Tony,
The only thing I see is that it could|should have a CLIENT perspective
as well:
Client writers MUST pay close attention to the timeout specified in
section 6.1 of RFC 5321.
Because the problem is mostly with the clients not following the 10
minute recommendation. I don't know if it should be mentioned but...
.... Clients using anything less than the recommended 10 minutes
could promote retransmission issues.
That is not in any way promoting that servers can take its sweet time
with 10 minute delays.
--
Sincerely
Hector Santos
http://www.santronics.com
Tony Hansen wrote:
Hmmm, if the following were added to 4409bis somewhere, I don't think it
should affect going from Draft => Full:
X.Y Timeouts
It has been observed that MUAs have in existing practice not been
allowing a long time for the Submit Server to respond to
the final <CRLF>.<CRLF>.
Submit Server writers MUST pay close attention to the Server
timeout specified in section 6.1 of RFC 5321, where it says:
... a receiver-SMTP MUST seek to minimize the time
required to respond to the final <CRLF>.<CRLF> end of
data indicator.
MUAs and other Submit clients SHOULD wait at least the normal TCP/IP
timeout lengths of time after sending the final <CRLF>.<CRLF>, if not
the full timeout specified in section 4.5.3.2.6 of RFC 5321.

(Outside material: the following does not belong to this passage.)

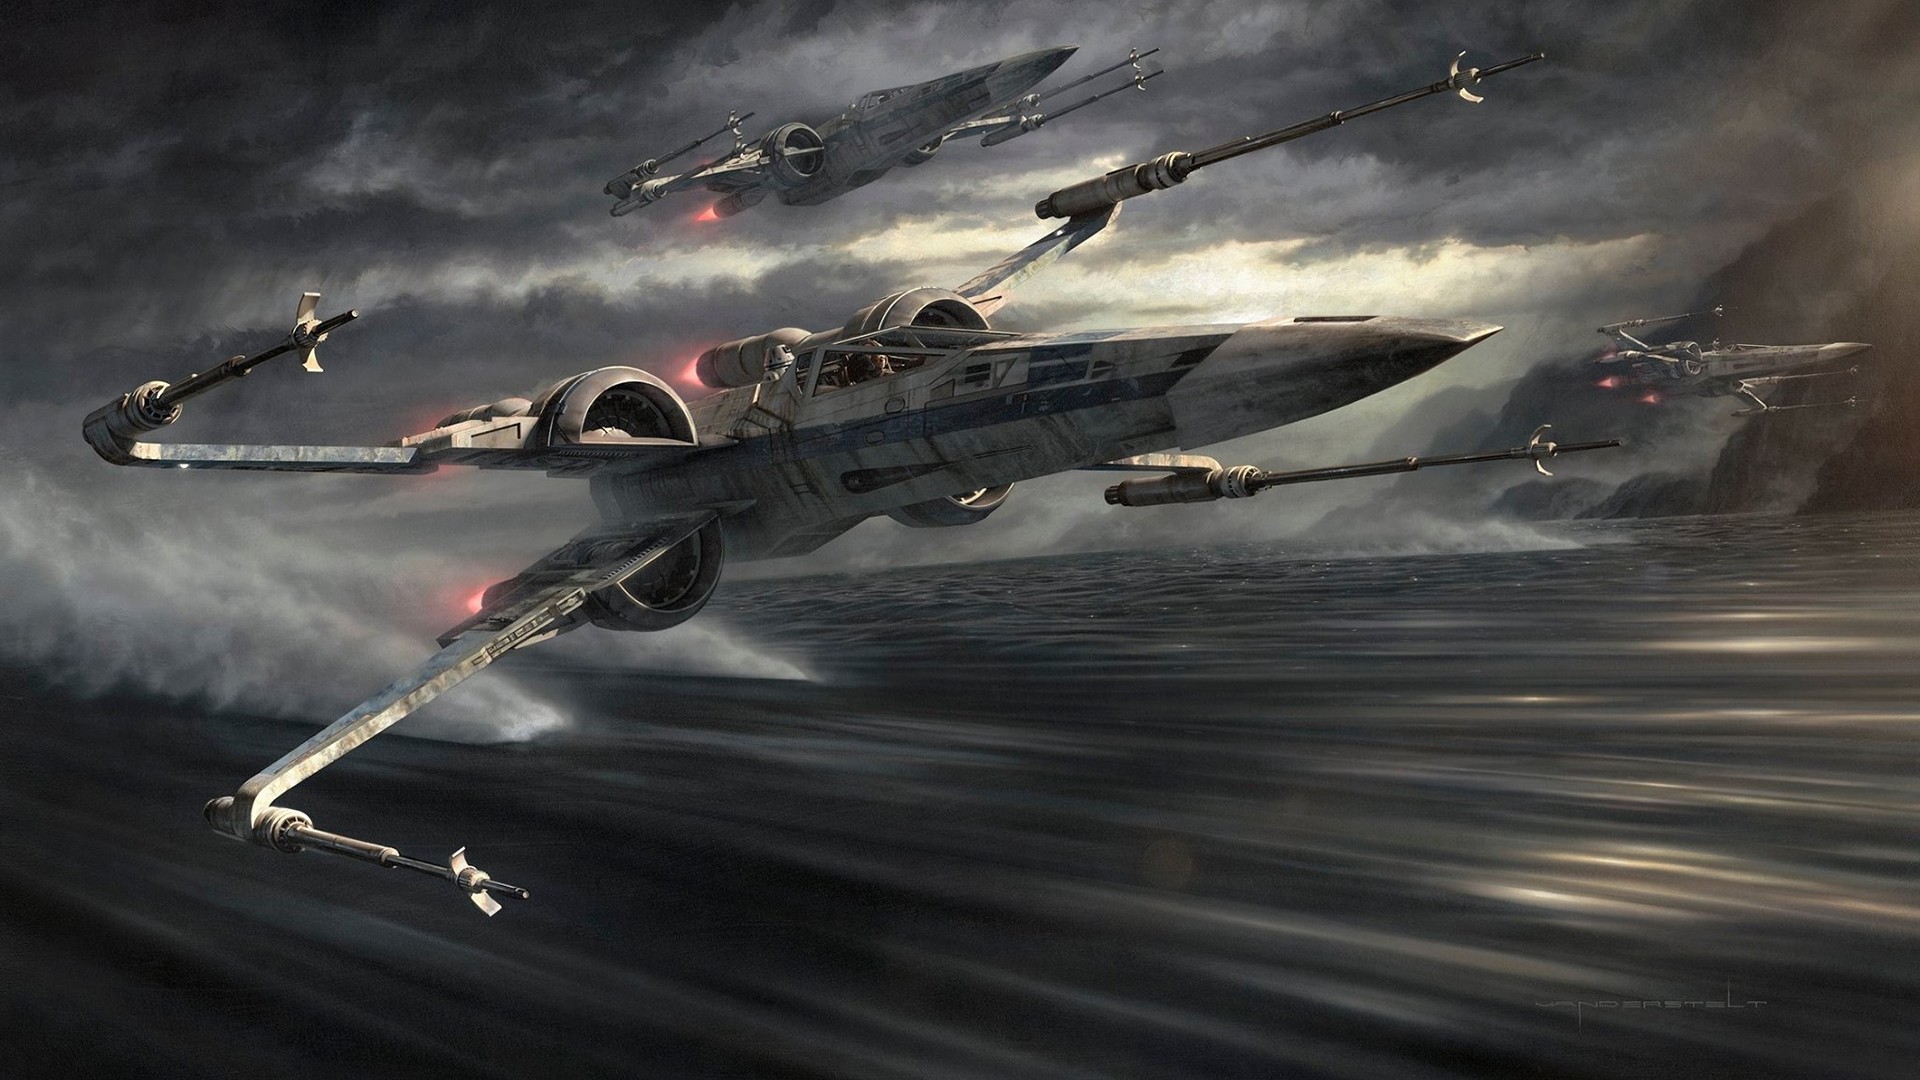 1920x1080 Star Wars: The Force Awakens inspired lithograph print, "Incom Tearin' It  Up" by Jerry Vanderstelt featuring the X-Wing fighter in action!

or something along those lines.
Tony Hansen
On 8/11/2010 12:41 PM, Dave CROCKER wrote:
On 8/11/2010 9:19 AM, Tony Hansen wrote:
I'm wondering if, instead of changing the 5321 guidance, there needs
to be text
added to 4409bis about timeouts being shorter than those normally
used by SMTP.
Any useful guidance should be made wherever it is helpful. This issue
is certainly in the realm of 'useful'.
My note, here, isn't about that. It's a 'process' question, meant
mostly for academic consideration:
Is this the sort of change that is appropriate for going from Draft
to Full?
I would have thought that it was too technical and substantive and
that, at the least, the doc would have to cycle at, perhaps, Draft.
To repeat: this is meant purely as an academic exercise. I'm curious.